There were four books shortlisted for the $40,000 BC National Award. They include One Hour in Paris: A True Story of Rape and Recovery, which draws on the harrowing personal experience of author Karyn L. Freedman, a philosophy professor at the University of Guelph. The jury (Globe and Mail arts editor Jared Bland, journalist and writer John Fraser and author and Simon Fraser University chancellor Anne Giardini) called the memoir a powerful book that "has the potential to catalyze the kind of dialogue that can lead to social change."

The Morning After: The 1995 Quebec Referendum and the Day That Almost Was by journalist Chantal Hébert with Jean Lapierre was cited by the jury as a "clear-eyed, often gripping account" and "a major contribution to our almighty national conundrum on what exactly constitutes Canada."

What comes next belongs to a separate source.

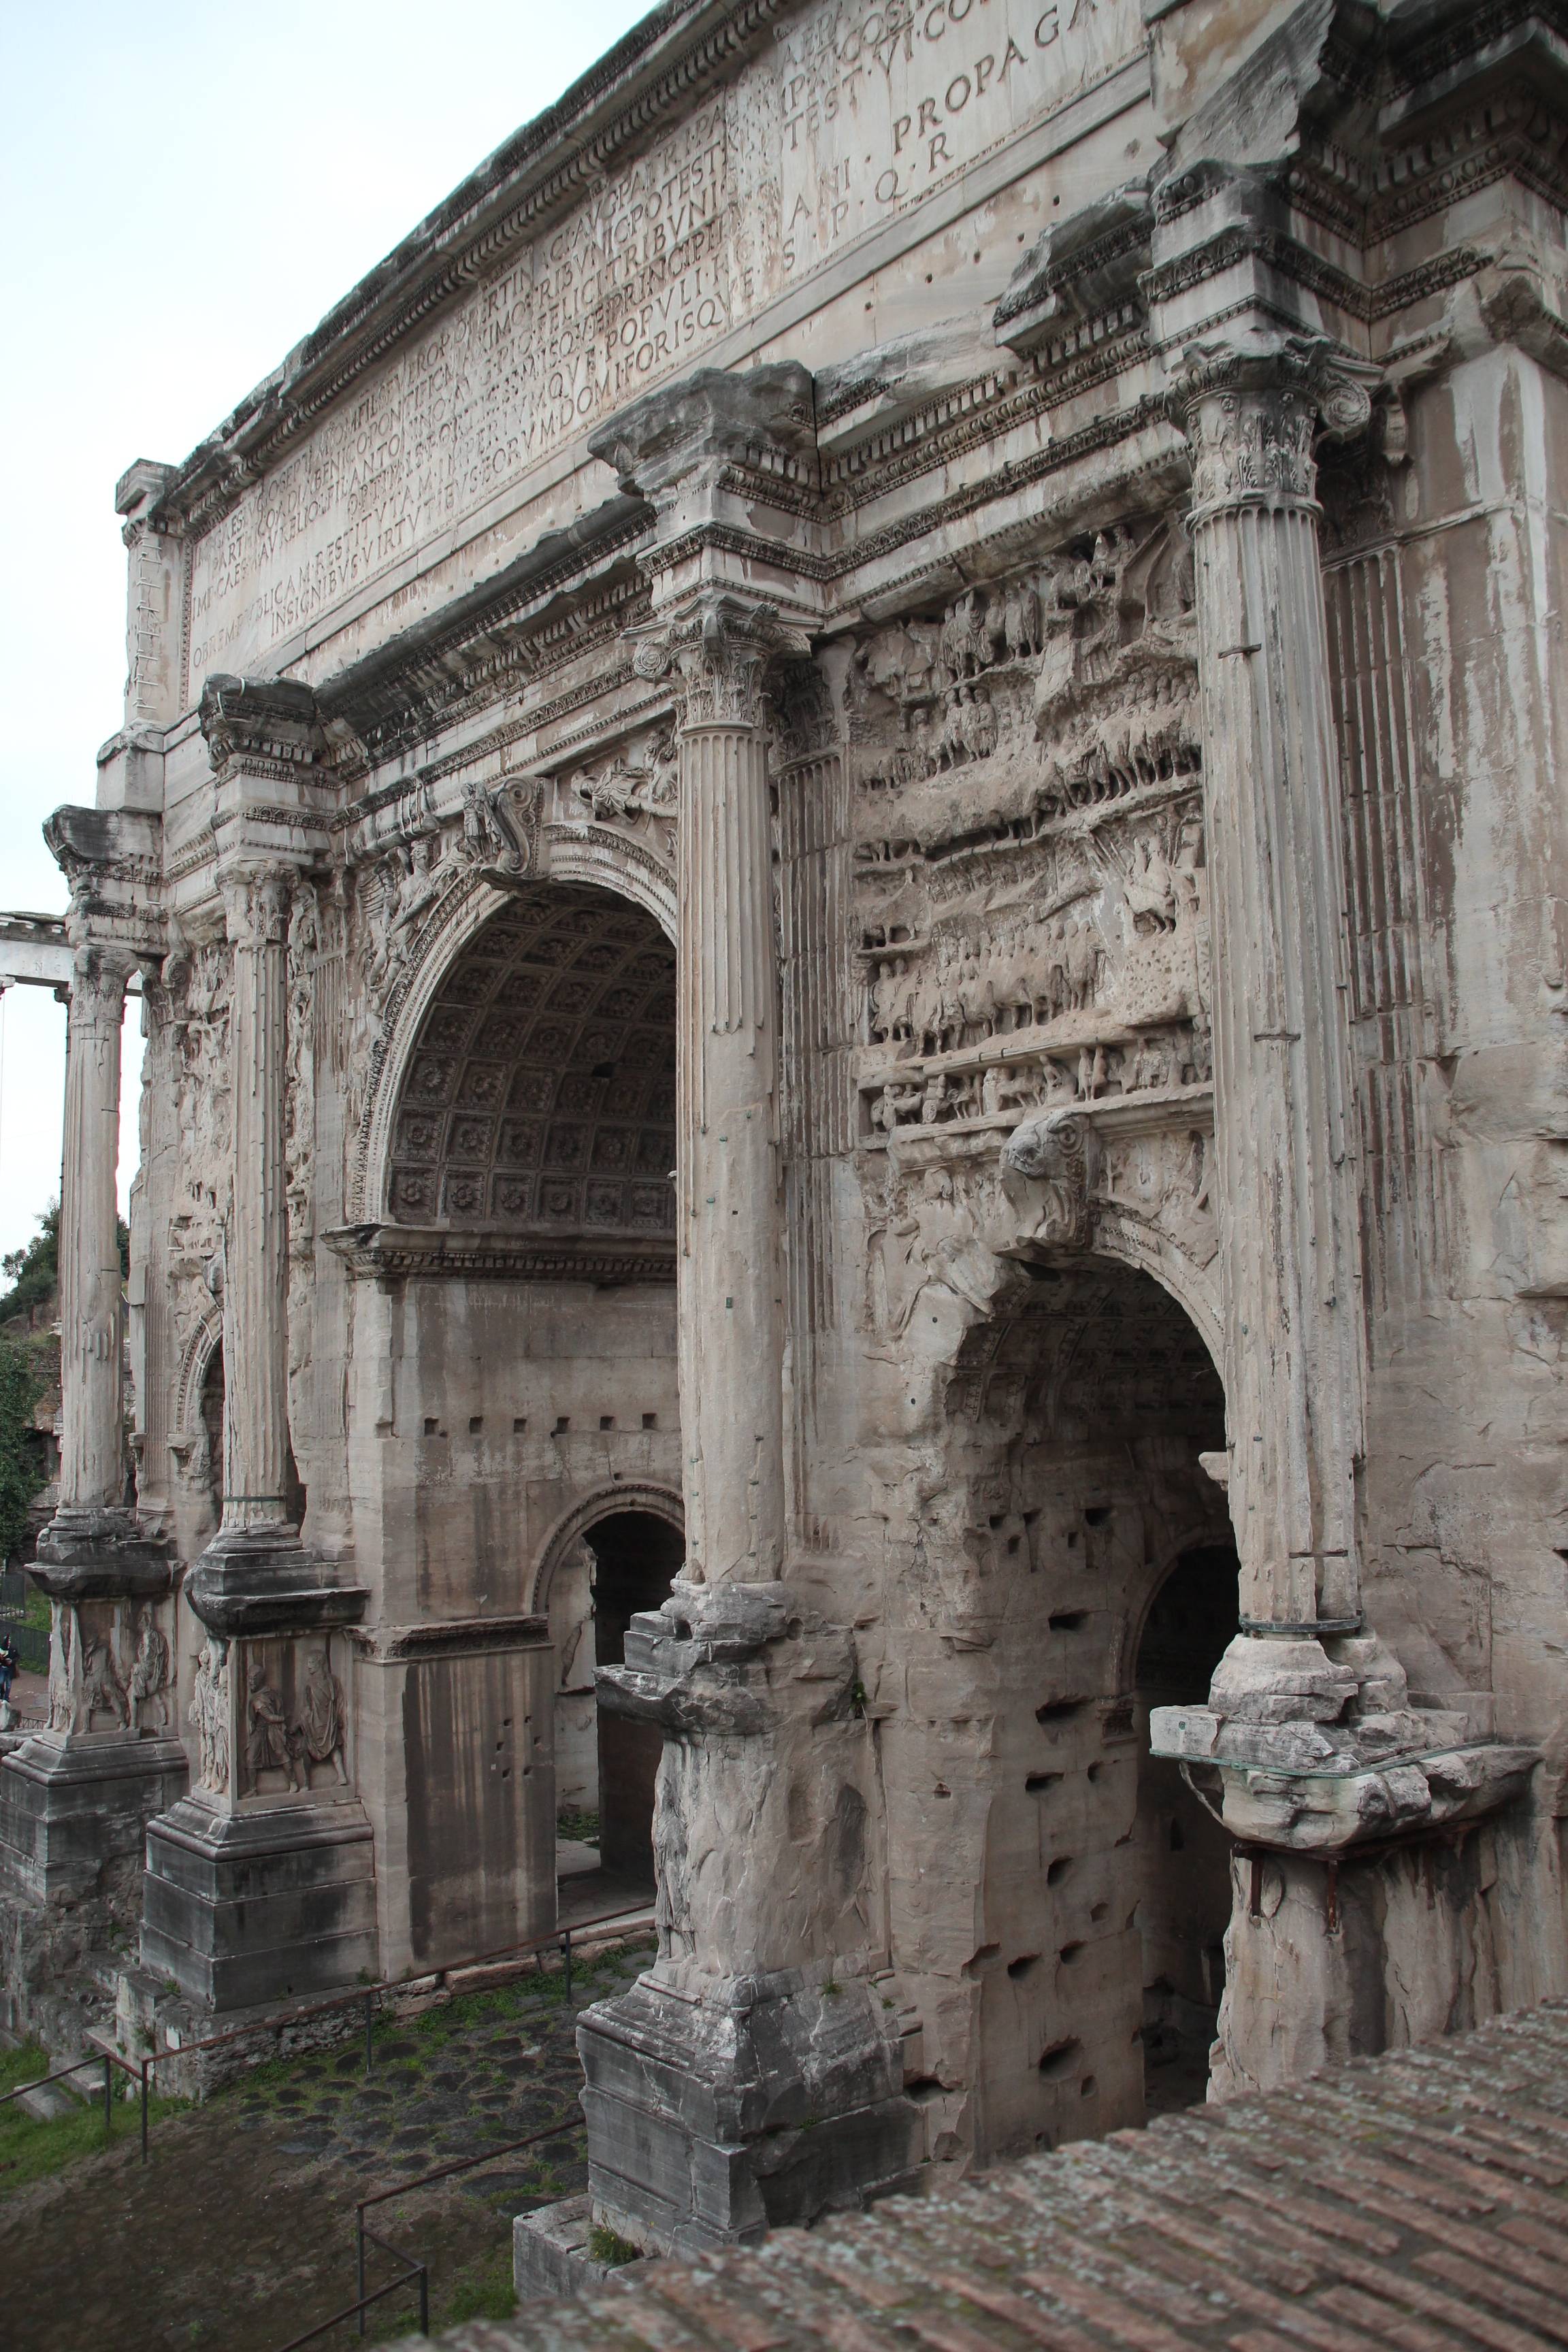 Teil vom Forum Romanum in Rom

Alison Pick's Between Gods: A Memoir – about the novelist and poet's discovery of her father's hidden Jewish past – was called by the jury "a page-turner of a book … humorous, personal and engaging."

James Raffan's latest – both a travelogue and a lament – rounds out the list. Circling the Midnight Sun: Culture and Change in the Invisible Arctic "fully deserves recognition as a book that encourages important national conversations and expands our shared knowledge of the increasingly complex world we inhabit," wrote the jury.

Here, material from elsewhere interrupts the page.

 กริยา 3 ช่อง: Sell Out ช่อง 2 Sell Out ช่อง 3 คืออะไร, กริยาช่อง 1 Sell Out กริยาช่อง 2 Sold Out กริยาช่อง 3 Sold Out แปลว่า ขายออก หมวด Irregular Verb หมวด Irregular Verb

Noticeably absent from the list were the finalists for the Governor-General's Award for English language non-fiction, including the winner, The End of Absence: Reclaiming What We've Lost in a World of Constant Connection by Michael Harris.

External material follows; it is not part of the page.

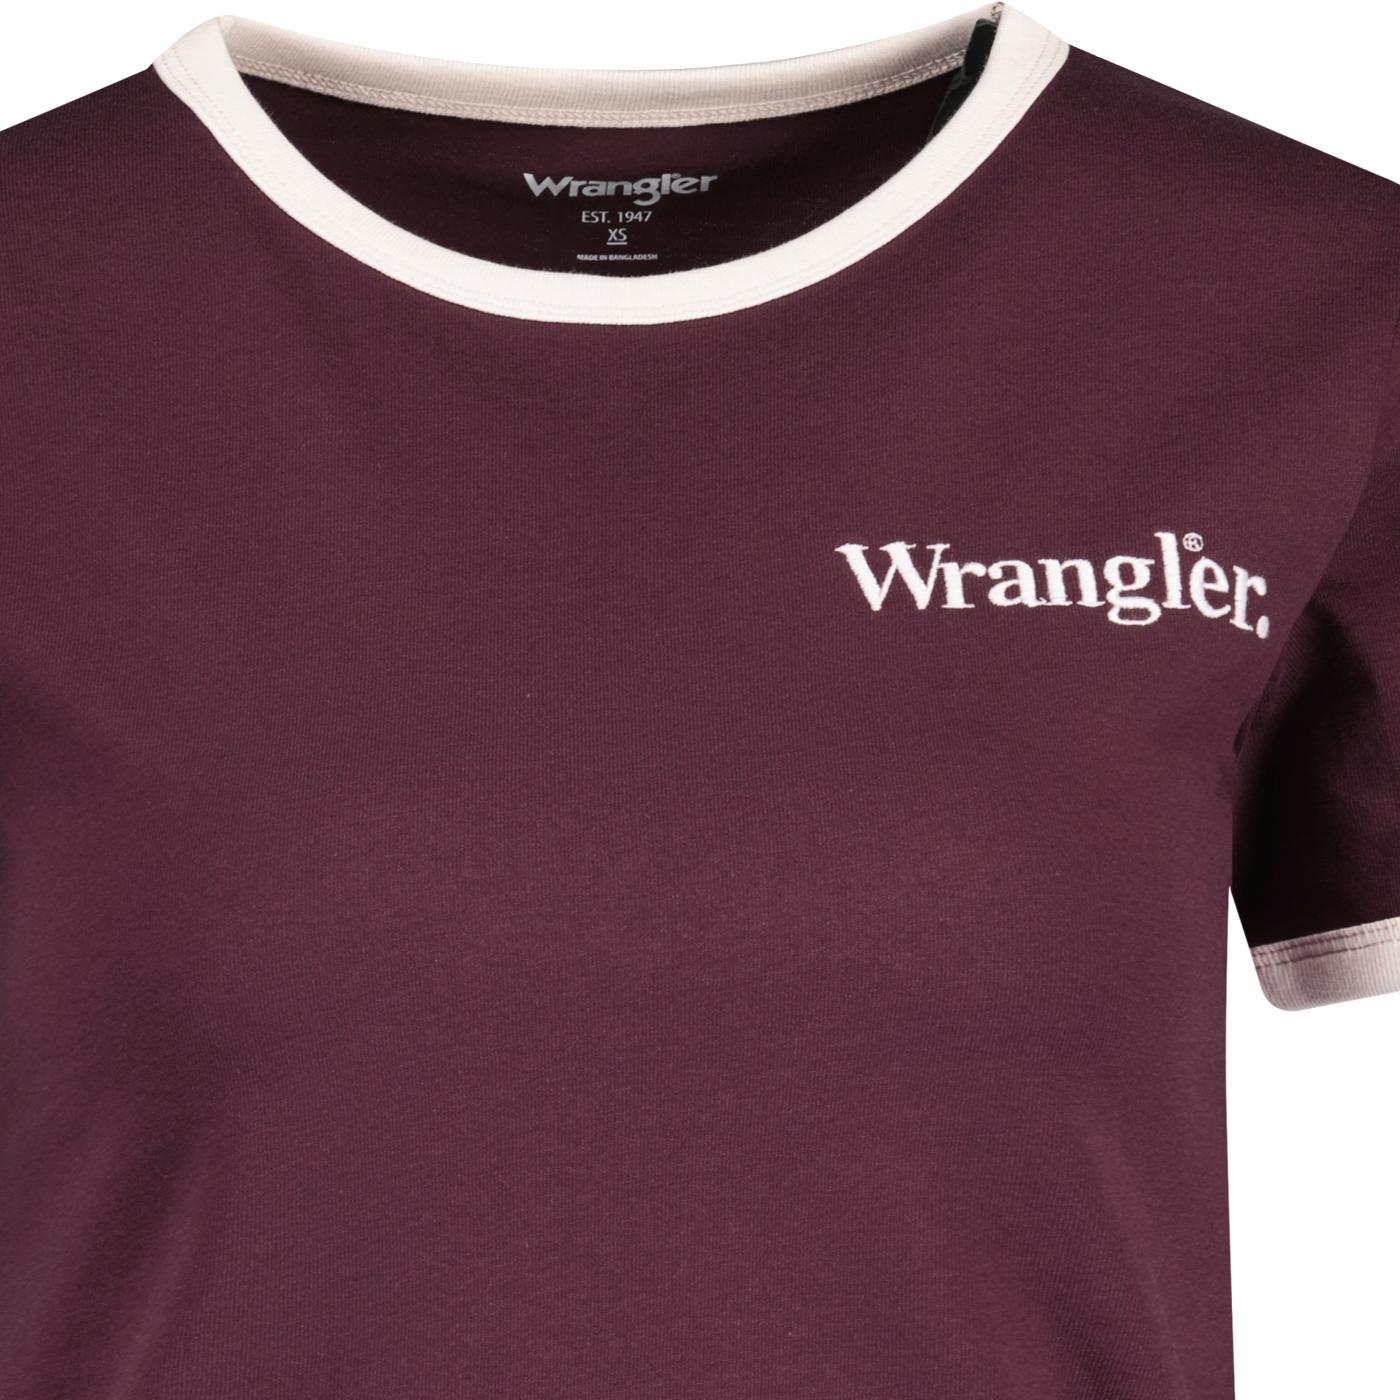 Wrangler Women's Relaxed Retro Ringer Jersey T-shirt in Dahlia

Harris's book was one of 12 on the long list for the Taylor Prize, also announced Wednesday, along with Naomi Klein's This Changes Everything: Capitalism vs. the Climate, which won the Hilary Weston Writers' Trust Prize for Nonfiction earlier this year. Two other books on the Weston Prize shortlist also made the Taylor Prize long list: Charles Montgomery's Happy City: Transforming Our Lives Through Urban Design; and Kathleen Winter's memoir Boundless: Tracing Land and Dream in a New Northwest Passage. Novelist M.G. Vassanji was also on the long list for And Home Was Kariakoo: A Memoir of East Africa.

Tim Cook (who won the 2009 Taylor Prize for Shock Troops: Canadians Fighting the Great War, 1917-1918 and was a finalist in 2013 for Warlords: Borden, Mackenzie King and Canada's World Wars) was on the long list for the 2015 prize for The Necessary War, Volume One. (Montgomery is also a previous Taylor Prize winner, for The Last Heathen: Encounters with Ghosts and Ancestors in Melanesia in 2005.)

Also on the 2015 Taylor Prize long list: They Left Us Everything by Plum Johnson; Berlin: Imagine a City by Rory MacLean; One Day in August: The Untold Story Behind Canada's Tragedy at Dieppe by David O'Keefe; Warsaw 1944: Hitler, Himmler, and the Warsaw Uprising by Alexandra Richie; Puckstruck: Distracted, Delighted and Distressed by Canada's Hockey Obsession by Stephen Smith; and The Last Asylum: A Memoir of Madness in our Times by Barbara Taylor.

The jury for the $25,000 Taylor Prize is made up of National Ballet of Canada executive director Kevin Garland, former Globe and Mail Books editor Martin Levin, and Andrew Preston, who won the 2013 Taylor Prize for Sword of the Spirit, Shield of Faith: Religion in American War and Diplomacy.

The BC National Award for Canadian Non-Fiction will be awarded in Vancouver in February. The Taylor Prize shortlist will be revealed Jan. 14, 2015, and the winner announced March 2.